Вино не успокоило Марго, наоборот – открыло внутри тайник, набитый раскаленными углями, которые вот-вот вспыхнут. Перенестись бы на сутки назад, на тот дуб, в уютное гнездышко объятий Моргана. Пойти и улечься рядом с ним под предлогом… Каким?
«Не смей! Кем он тебя сочтет?»
Это гадливое слово «шлюшка», брошенное Антуаном, словно оставило на ней отметину, печать беса блуда. Так в глубокой древности, по словам батюшки Адриана, клеймили раскаленным железом лоб и щеки совершивших правонарушение, чтобы преступника всегда можно было опознать. Даже если человек раскаялся в содеянном, клеймо смоет лишь смерть. Нет, лежать невозможно. Марго раскидала вокруг себя сено. Придумывать объяснения своему внезапному желанию проветриться не пришлось: Морган чуть ли не пузыри пускал во сне. Марго тихонько выскользнула наружу, спустилась по угрожающе поскрипывающей под ногами лестнице. Ночь дышала сыростью. Нудивший с обеда дождик надоел сам себе, капли роняла только мокрая листва. В разрывах белесых облаков открывались алмазные россыпи звезд на темно-синих лоскутках неба.

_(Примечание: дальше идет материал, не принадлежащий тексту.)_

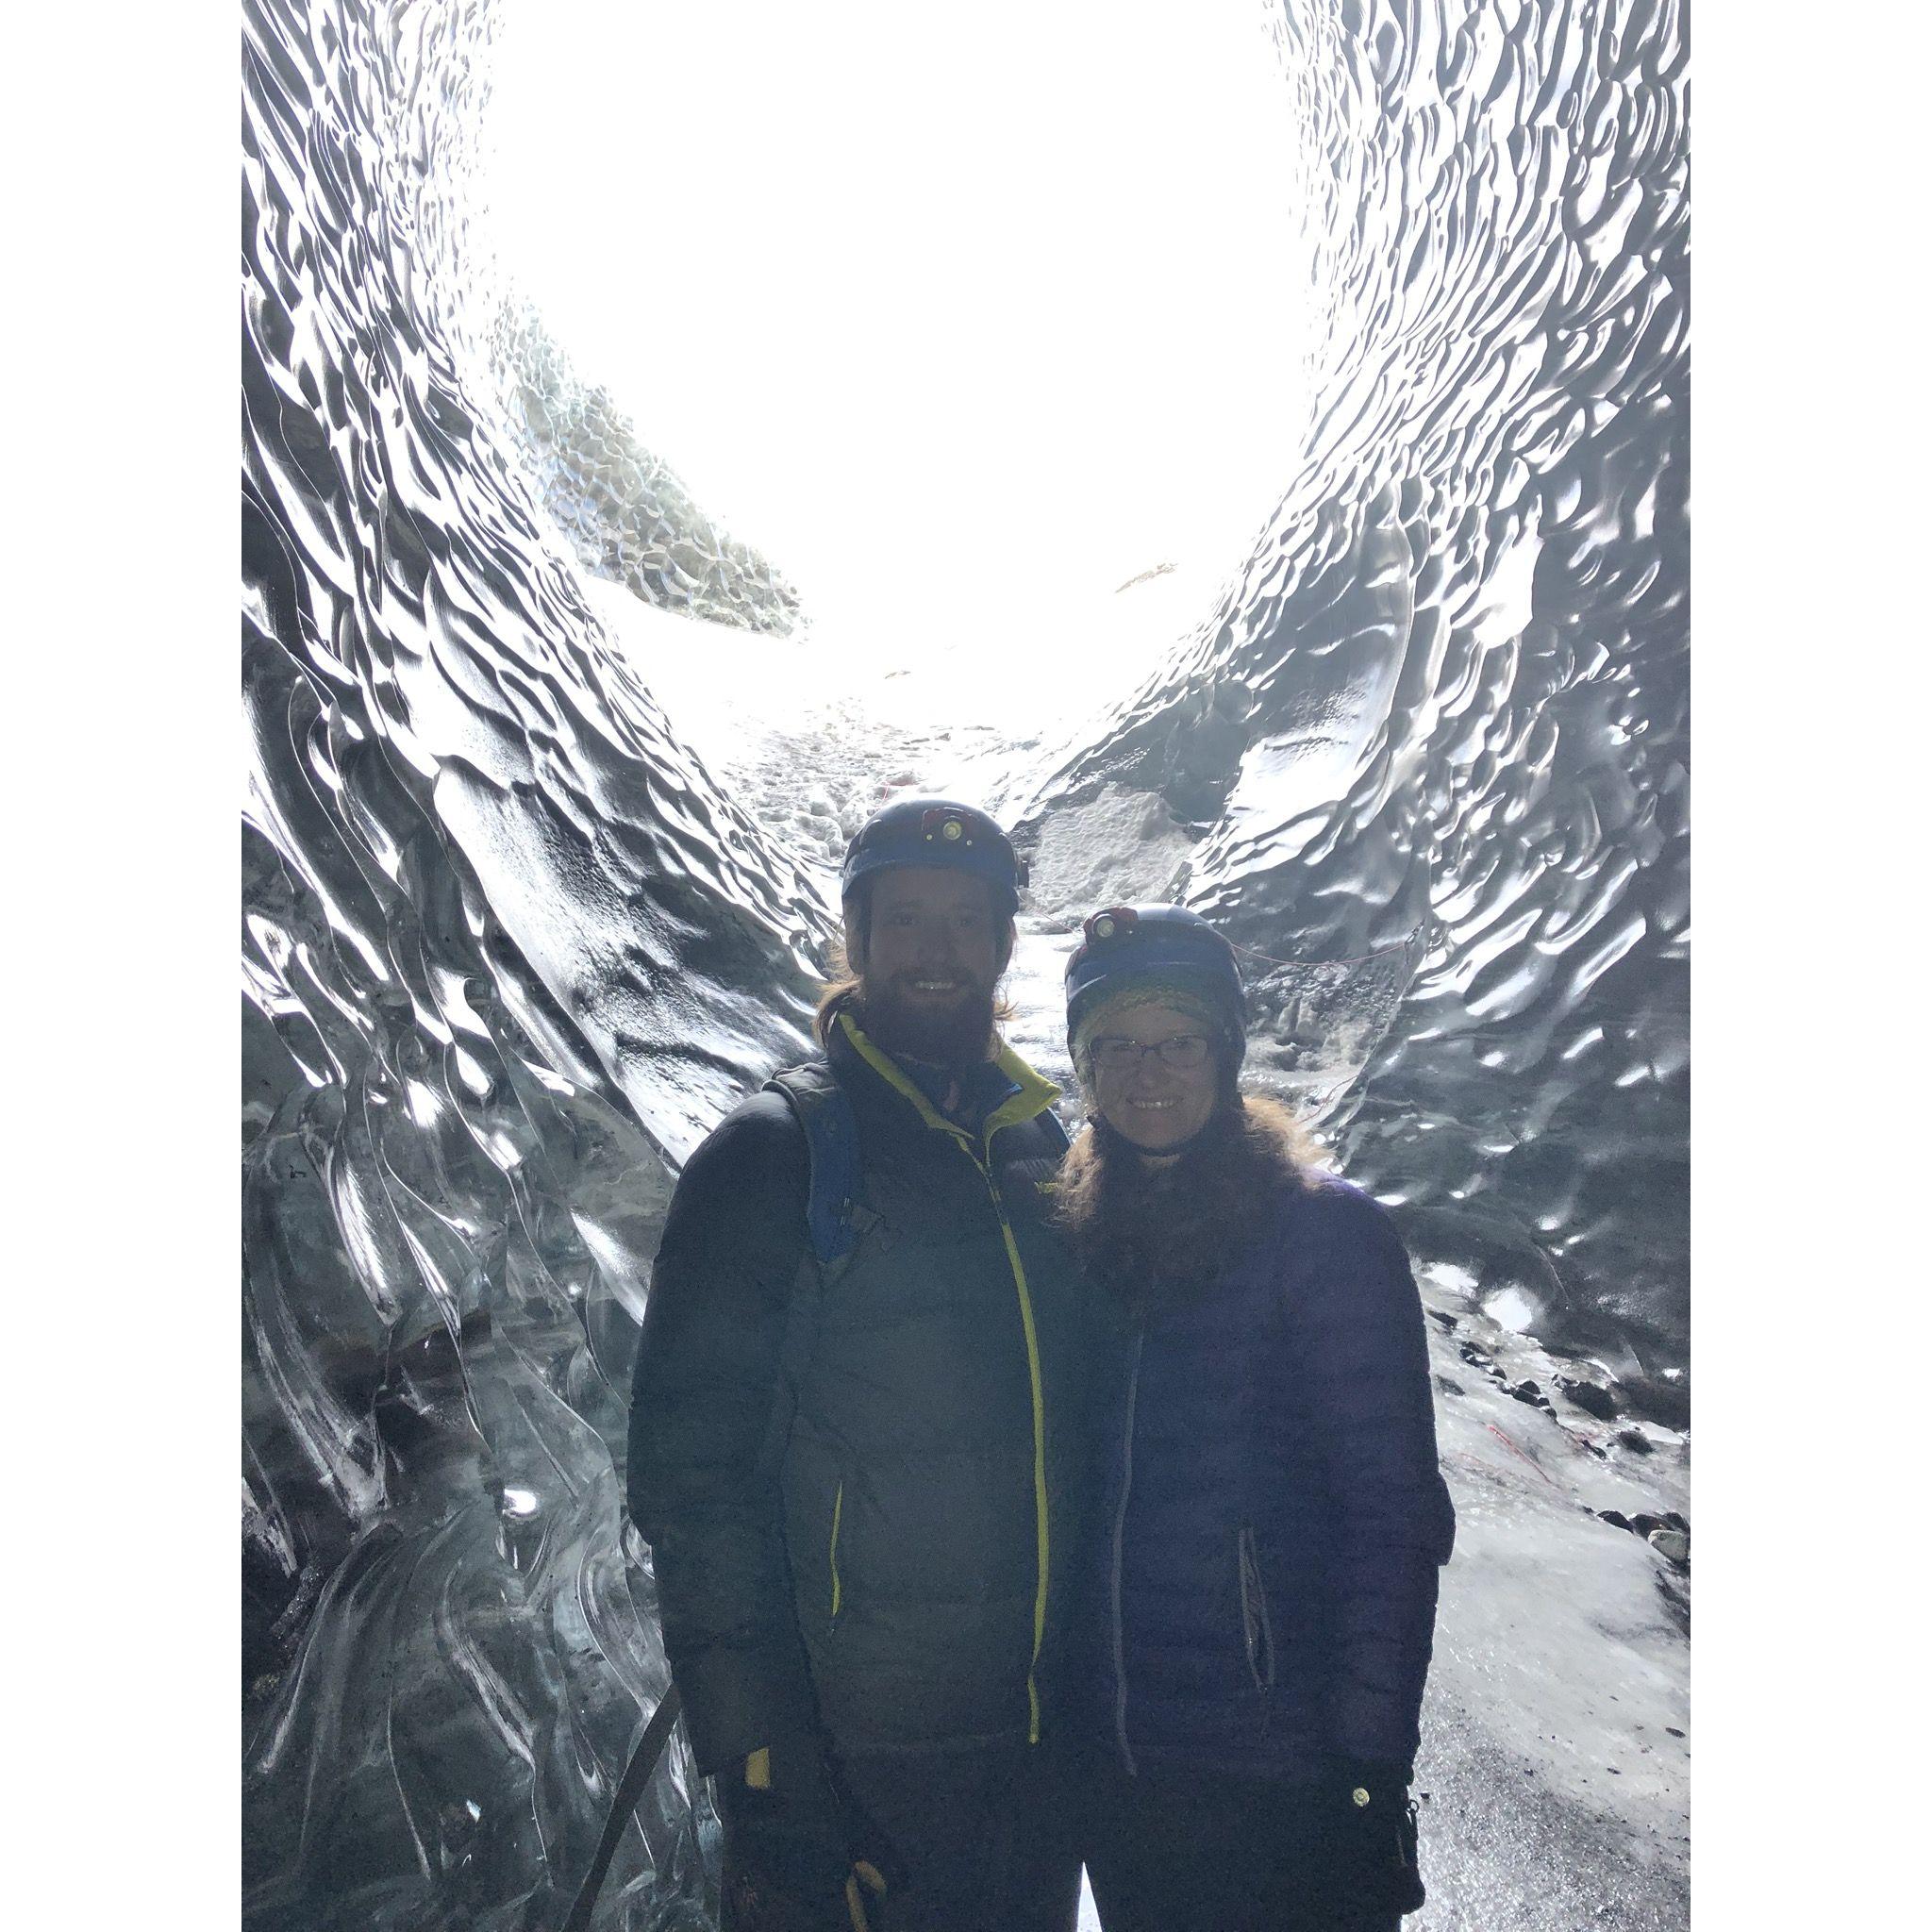 Touring an ice cave in Iceland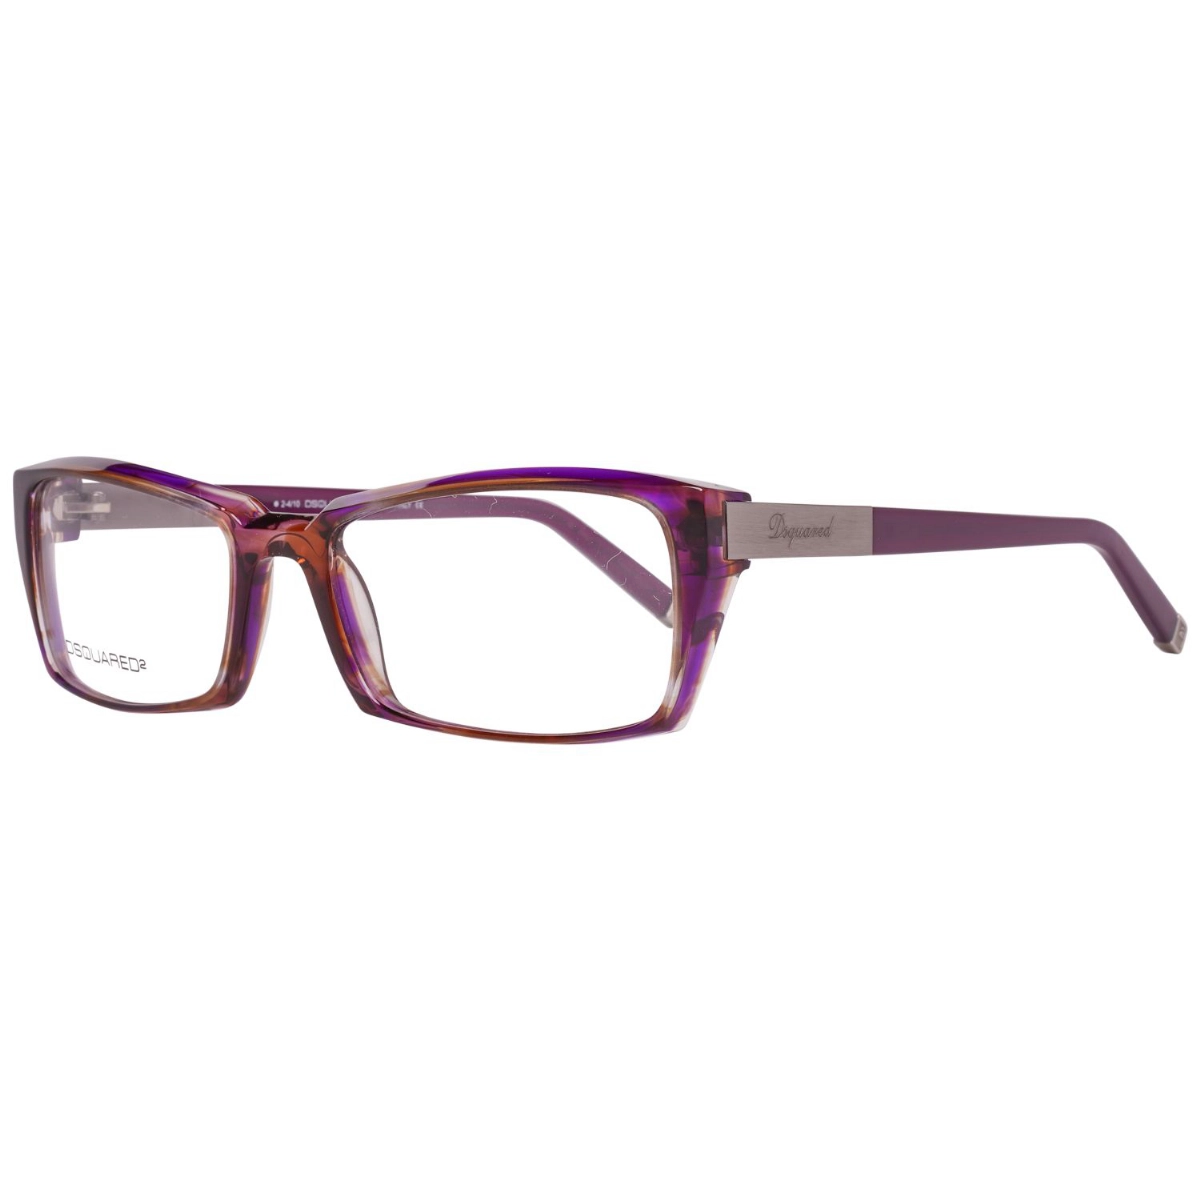 GLASSES FOR WOMAN DSQUARED2 DQ5046-050-54

Конюшня располагалась на дальних задворках участка, напротив бани, которую хмель запеленал так, что она напоминала страшную косматую голову. За низенькой оградой уходил под горку луг. Быстрым шагом, почти бегом Марго спускалась, слизывая крупные слезы, скатывающиеся на губы. Найти какой-нибудь укромный уголок, забиться туда и заснуть навсегда, всеми заброшенной и забытой. Ноги вывели ее на узкую тропку, тянущуюся сквозь кустарник. Слева в просветах зарослей играли в воде лунные блики. Марго шла вдоль берега, пока не уткнулась в сбегающий в речку ручей. Перекинутые через широкую протоку деревянные мостки предупреждающе шатнулись под ногами. За ручьем раскинулась большая утоптанная поляна. Кто-то заботливо оборудовал здесь место для отдыха и постирушек. В ольховнике прятался окруженный лавочками столик под крышей – сооружение для комфортного распития крепких напитков, именуемое в народе бухальником. Там, где песчаный берег полого уходил в воду, покачивался массивный деревянный круг. Чтобы круг не унесло течением, его привязали к березе. В воздухе витала непонятная вонь – то ли водоросли, то ли пронесло кого-то.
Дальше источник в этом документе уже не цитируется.